It’s clear from what Eddison wrote first, what he left behind as finished text, where his main interests lay. He wrote all of book I—which sets up the Parrys’ squabbling for power in Rerek and Meszria, as well as the death of King Mardanus, his betrayal by Aktor, and the remarriage of Queen Stateira to Aktor—, a single chapter in book II—which is about divine power—, two heavily philosophical chapters in book VI that are highly reminiscent of A Fish Dinner in Memison, and all of the final book, where he expands on and clarifies the philosophical content of the previous novel’s fish dinner and brings everything to its rousing conclusion. Clearly, for Eddison, what his novels were doing at a philosophical level, as works that offered a unique vision of moral philosophy, aesthetics, and perhaps even theology, was at the forefront of how he understood his work as a writer and the value of his novels.
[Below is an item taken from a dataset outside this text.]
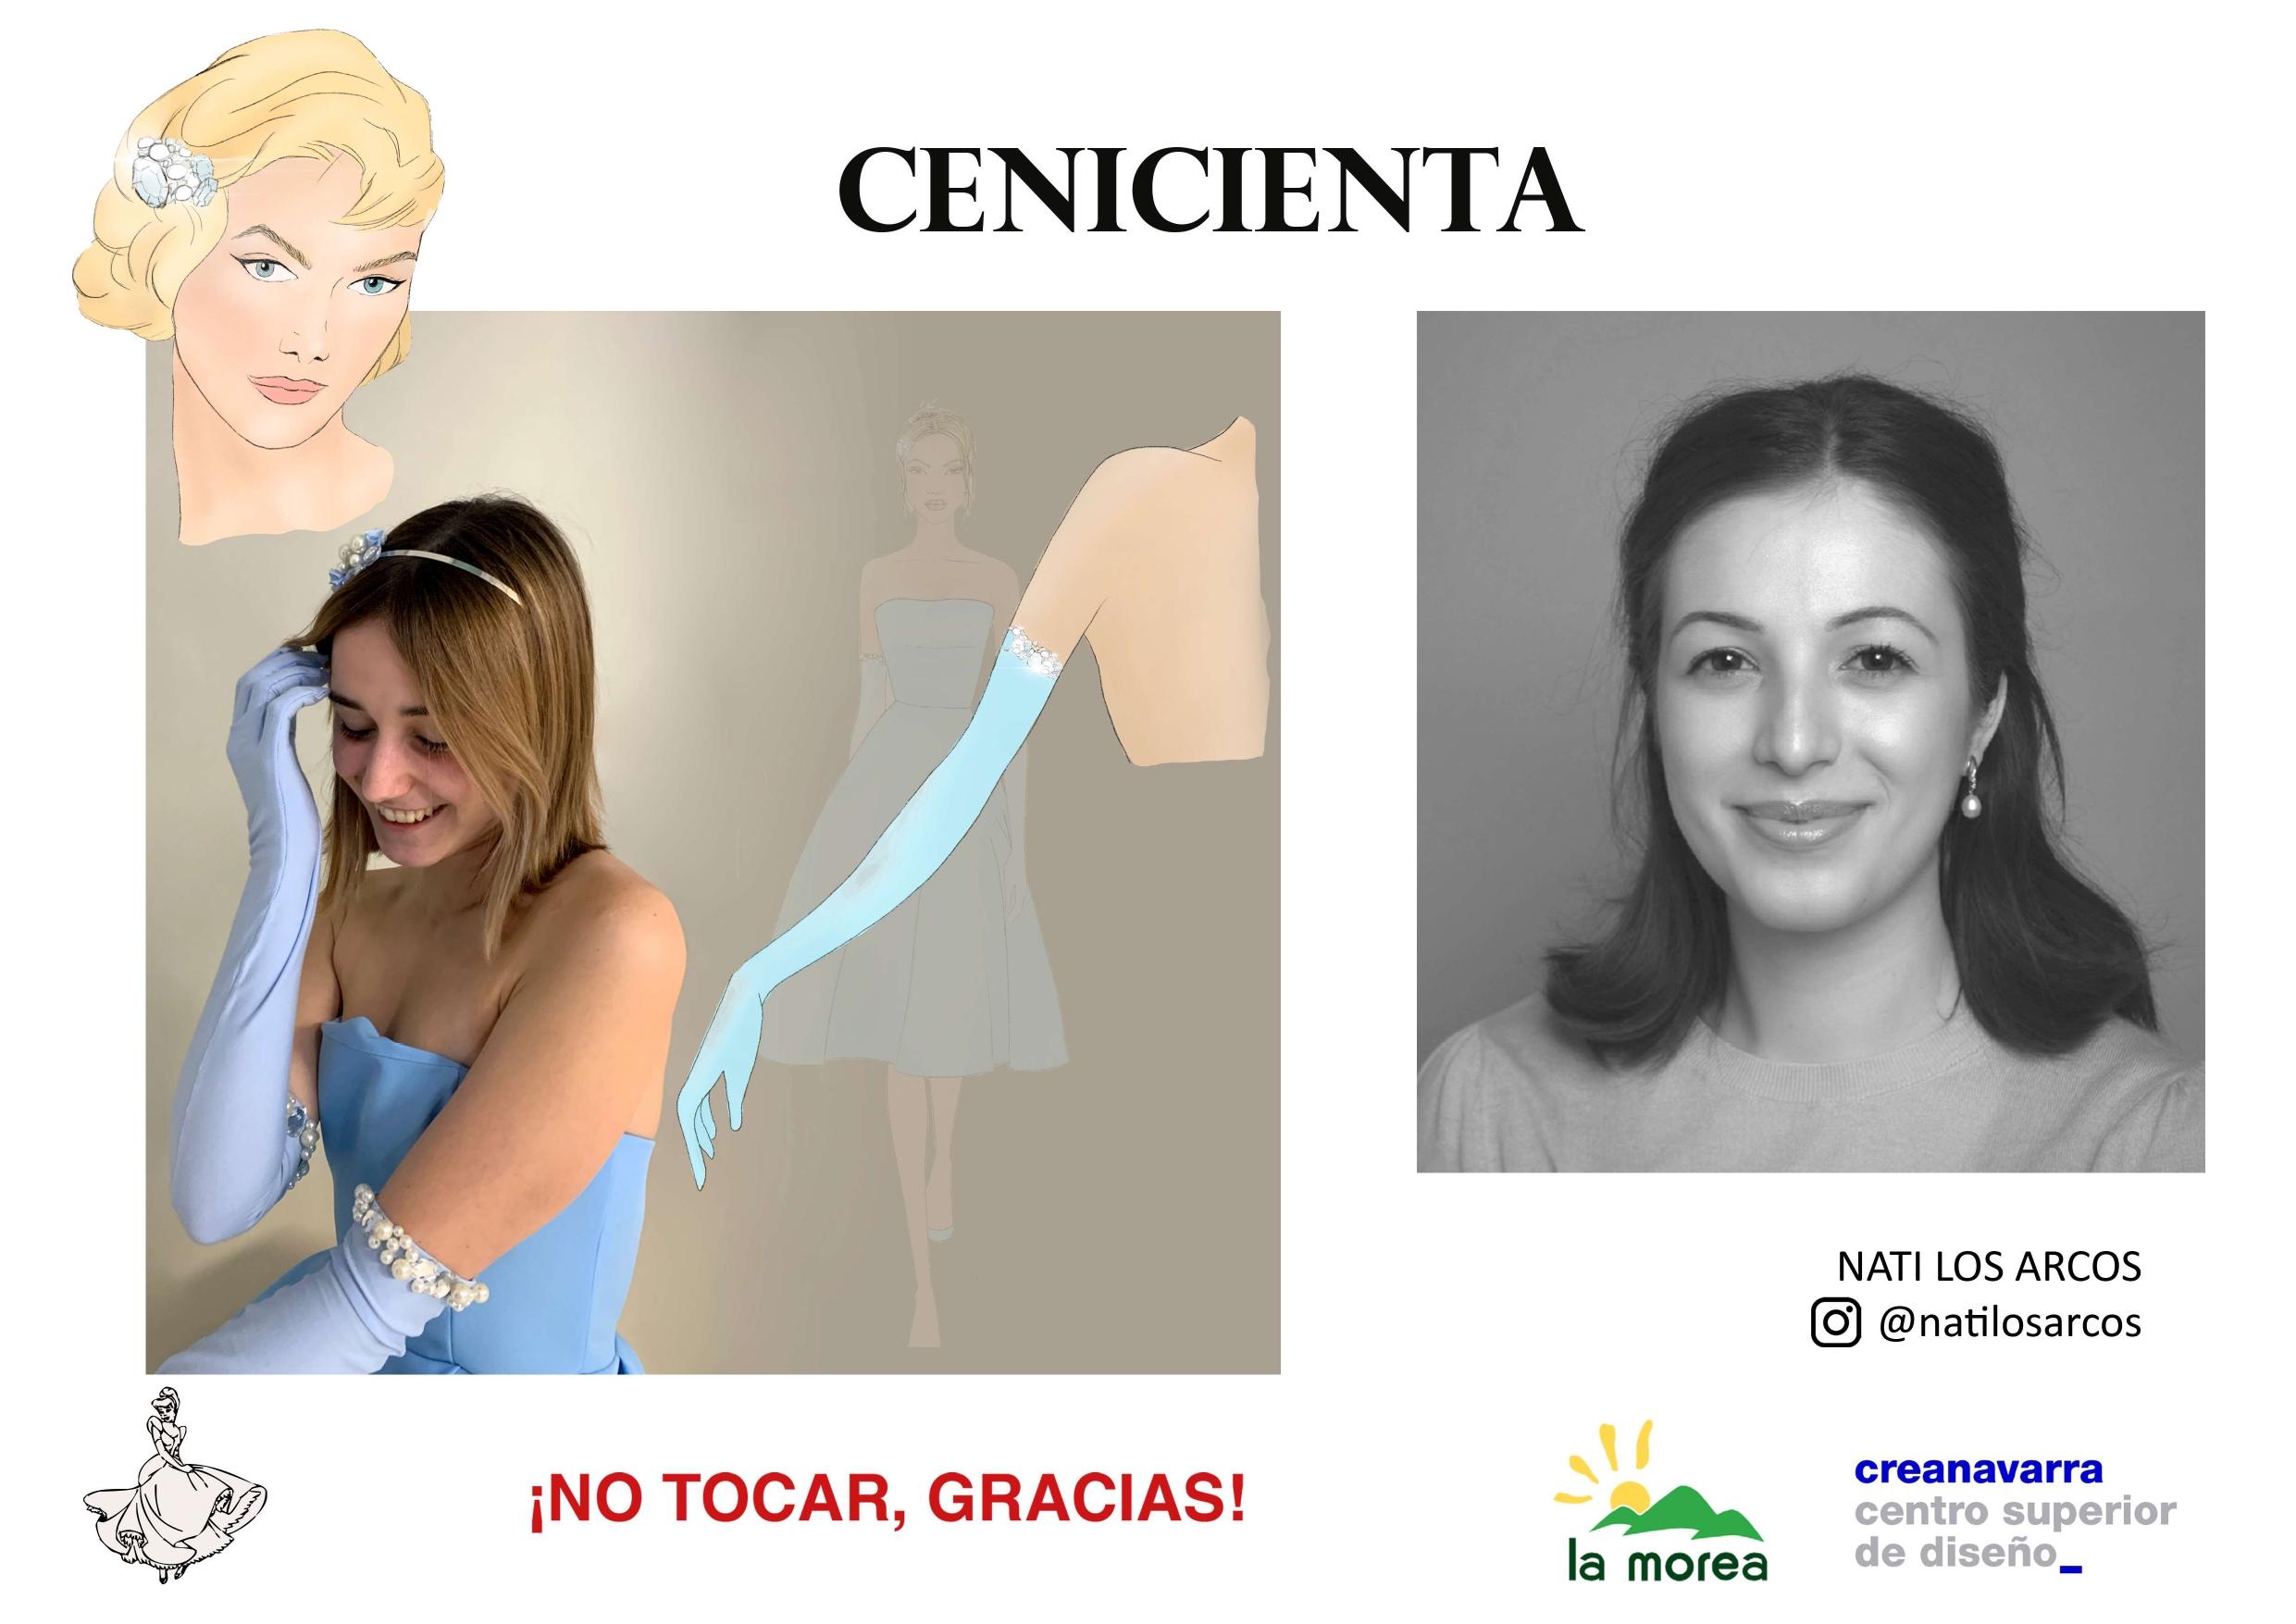 Look Cenicienta de Nati Los Arcos

Eddison’s Zimiamvian Vision
What, then, is The Mezentian Gate and by extension the Zimiamvia trilogy about? What is Eddison’s vision for his fantasy series? The answer is multifaceted and complex. Indeed, Eddison’s own writings about his series give answers that are difficult to parse, densely populated with references to philosophers like Baruch Spinoza and George Santayana, among others, and which circle around these lofty ideas about Beauty and Reality and Perfection. I’ve tried to parse some of what Eddison is up to in my essays on Mistress of Mistresses and A Fish Dinner in Memison, but I want to go a bit deeper in this essay on The Mezentian Gate since this is probably my last foray into Eddison’s Zimiamvia unless someone quite literally forces me to read these three novels again (I’d reread The Worm Ouroboros, no problem). I want to leave Eddison with a strong understanding of his ethos and philosophy, and a better grasp on what he wanted from this series that responded to his “inexhaustible theme.”
For such an established name in fantasy, and one who was marketed as having been influential on both Lewis and Tolkien, among others, there is surprisingly little scholarship on Eddison. True, his books have been much harder to find, sometimes going a decade or more without a new printing, and they are certainly more demanding reads than any of the other writers of pre-genre fantasy. Perhaps, too, their particular philosophical focus has confounded or simply turned off fantasy scholars, as it has me. There is, indeed, little in the Zimiamvia books that commend themselves to a reparative reading—though their very peculiar gender politics need attention!—and there is a great deal in them that smacks of fascism. But this is precisely what makes Eddison’s writing fascinating to me, especially given the long-standing critiques, often leveled by scholars who read very little fantasy, that the genre is at its core, perhaps in its very form (as many Marxist critics would—wrongly—argue), conservative and reactionary. My own approach to genre, as I’ve laid out elsewhere on this blog (see, for example, this section of my essay on Gormenghast), is that forms do not have inherent politics, but texts do, and how they express those politics through the formal affordances of genre is paramount to understanding how authors and readers use fantasy.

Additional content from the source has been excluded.